BRUSSELS — It is difficult to understand the Bush administration’s determination to deploy a national missile defense system, or NMD. All test launches to date — to prevent theoretical nuclear missile attacks — have been either failures or “partial successes.”

One supposes things can only get better, yet even technological perfection would not deal with the real problem. What if “rogue states” refuse to act out their assigned role in the United States’ script? After all, no member of U.S. President George W. Bush’s “axis of evil” has signed any agreement saying it will use intercontinental ballistic missiles to deliver its weapons of mass destruction. It would certainly be cheaper and easier to deliver by post or by ship — and infinitely more deniable.

Ballistic missiles carry an indelible return address and a guarantee that state actors are involved. Deadly retaliation is inevitable. With so many anonymous options available, what state would allow its territory to be used to launch a missile strike against the U.S.?

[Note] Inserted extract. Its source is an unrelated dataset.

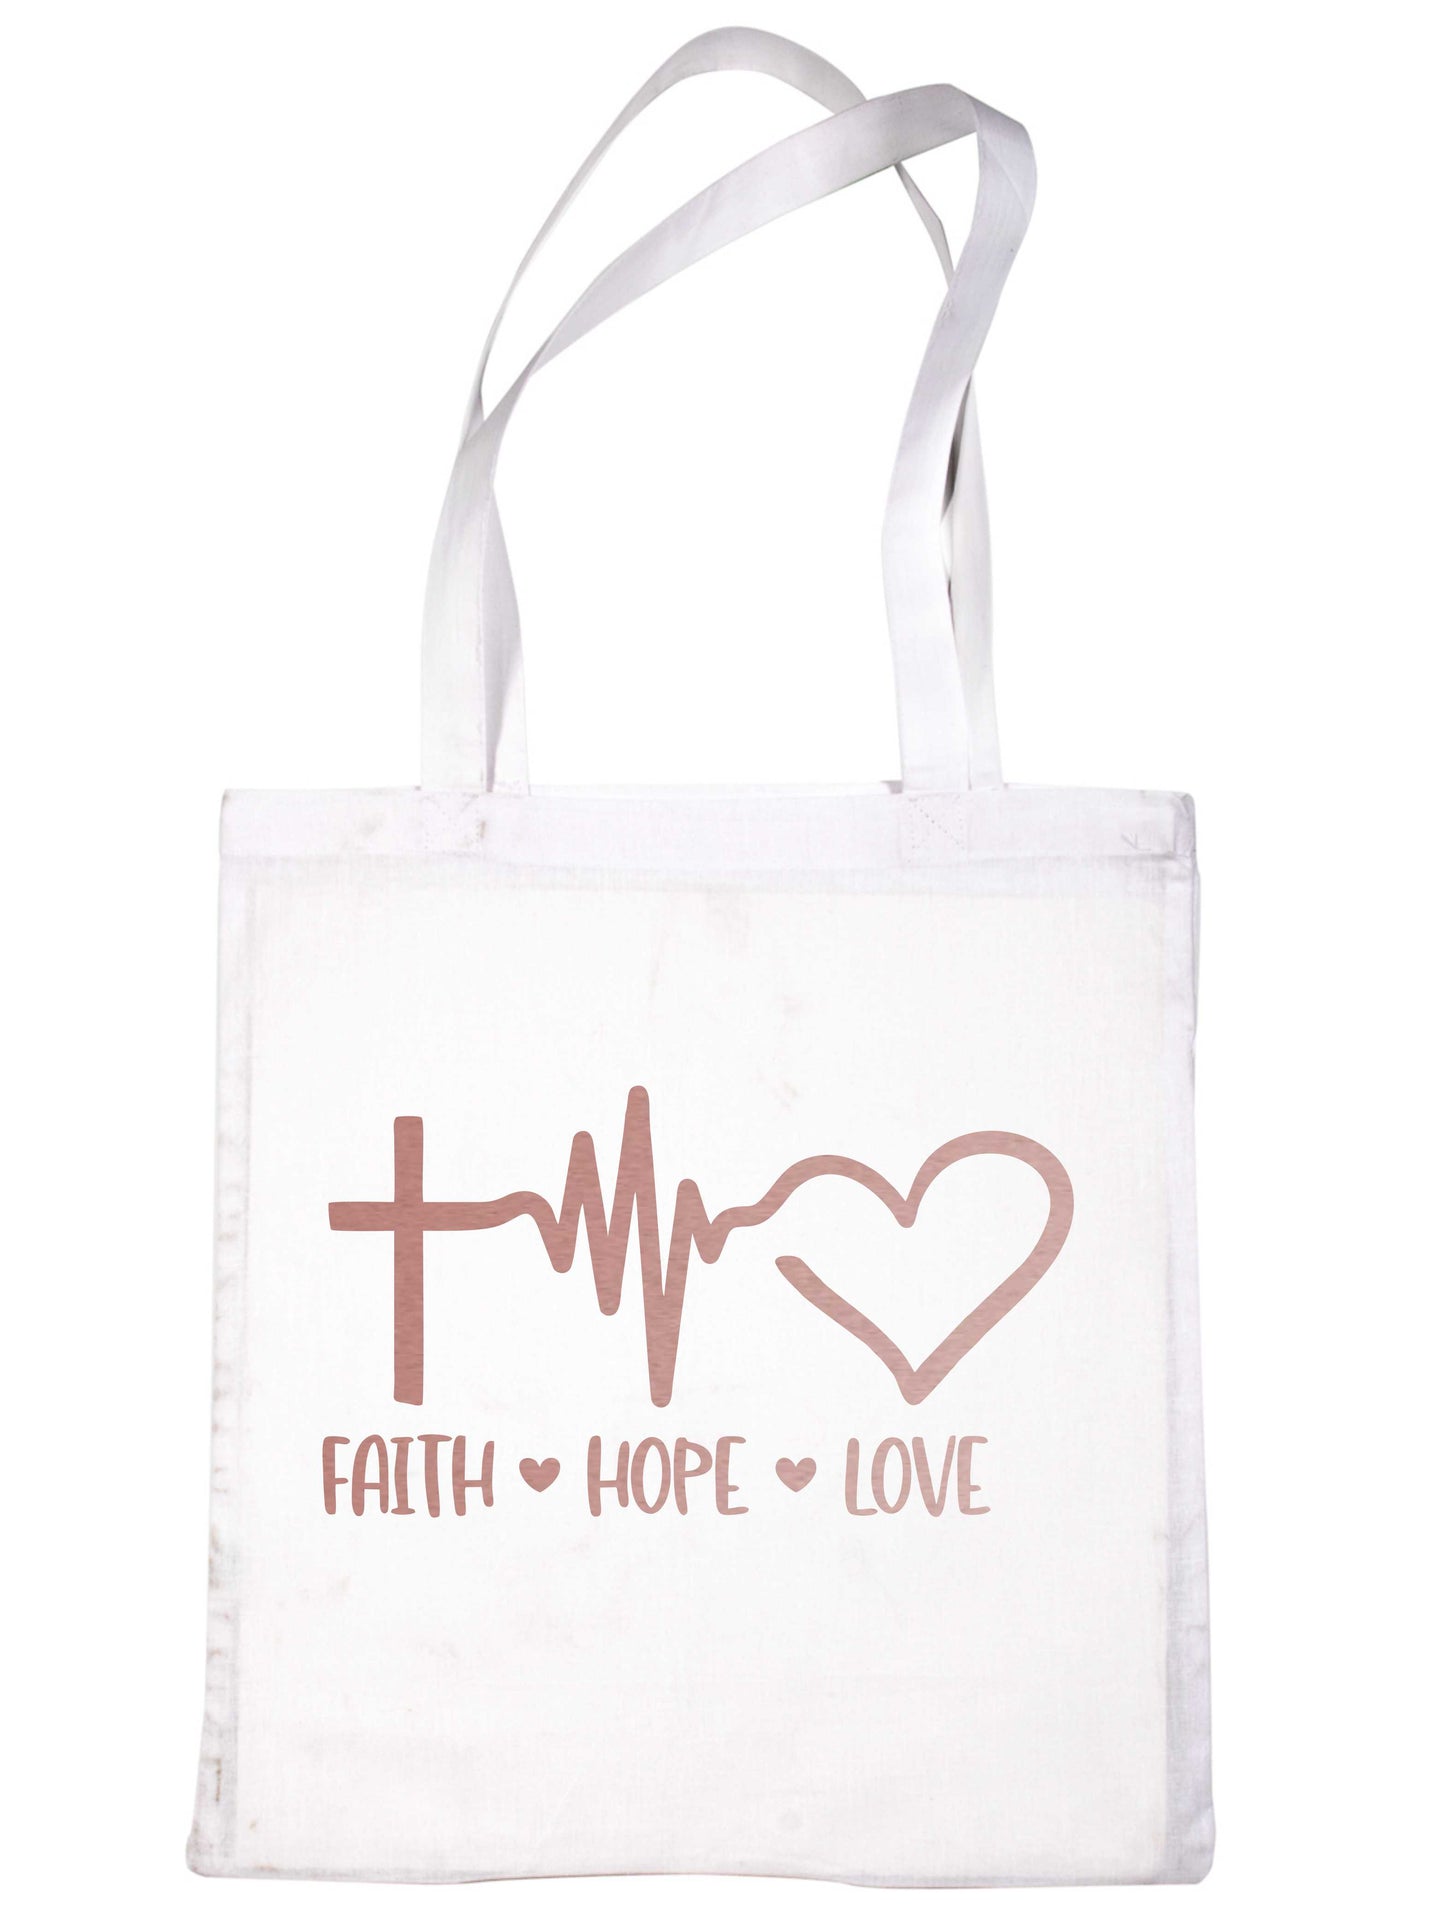 Faith Hope Love In Rose Gold Print Christian Church Gift Resuable Shopping Bag

Similarly, America’s NMD system would be ineffective against major nuclear powers like Russia and China. With hundreds of ICBMs, Moscow already has the capacity to overwhelm any U.S. defensive shield. Beijing may now have only have 20 ICBMs, but it plans to increase that number to 200 if NMD is deployed.

In addition, multiple independent re-entry vehicles could be installed on such missiles, thus multiplying the number of warheads by a factor of between 10 and 12. These would deploy separately, mixed with decoys, once the missile was past the boost phase and above the atmosphere, with independent targets and independent trajectories, thus complicating re-entry defense way beyond anything currently conceivable. Equally, hundreds of biochemical bomblets could be deployed — for which there is no NMD defense.

If NMD can neither defend against rogue states nor major nuclear powers, then the U.S. administration is either spendthrift, technology obsessed and mad or we are answering the wrong question.

When we look at current thinking on how NMD technology will be deployed, the real purpose becomes clearer. The emphasis is now on boost-phase technologies that will target missiles just after launch, well before they launch their multiple warheads or biochemical bomblets.

The problem is that there are only minutes in which to make the right call and act. Thus if this system had existed in August 1998, the trigger-happy Pentagon would have had four or five minutes at most to decide whether the North Korean launch of a Taepodong 2 missile was a preemptive strike against the U.S. or merely a satellite launch. In fact, it was a North Korean satellite, and taking it out would have precipitated the very conflict NMD was meant to prevent.

Equally, it changes the very nature of NMD from an umbrella over the U.S. to a cage around its enemies. Any land-based missile system designed to strike during boost phase would have to be deployed within 1,000 km of the launch site, thus making the application of such a system difficult against continental powers China and Russia. And even if tightly surrounded, these countries would have areas in their interiors that would be immune from threat.

In other cases, the U.S. would be forced to signal hostile intent in advance by deploying sea-based systems around the intended target or by constructing land-based launch sites in countries neighboring the target.

This, however, would create a final window of opportunity for the target countries to take action before it was too late. They might well be tempted to do so because it is clear that NMD is part of a larger package of measures intended to allow the U.S. to engage in a preemptive conventional strike against states that may have nuclear weapons and an ICBM capacity that they might use to retaliate against a U.S. attack.

In the current climate, the obvious target of choice would be North Korea. Anyone who believes Pyongyang would meekly stand still while the net tightens, waiting for a formal opening of hostilities, must live on a different planet. A paranoid regime, Pyongyang would strike before the noose tightens. The same would be true of other potential victims.

NMD is no defense. Its deployment will turn a less than plausible threat into a real one, turn possibility into probability, and leave countries facing this heightened threat with a host of questionable technologies.

With the abrogation of the Antiballistic Missile Treaty, NMD will spur an arms race with China and threaten a tit-for-tat response from Japan — whose increasing nationalist right will use it as an excuse to abandon the U.S.-imposed Peace Constitution — with the concomitant heightened risks of a new nuclear standoff in East Asia.

At the same time it virtually forces rogue states, for whom survival is the sole priority, to behave badly. NMD harms security more than it helps.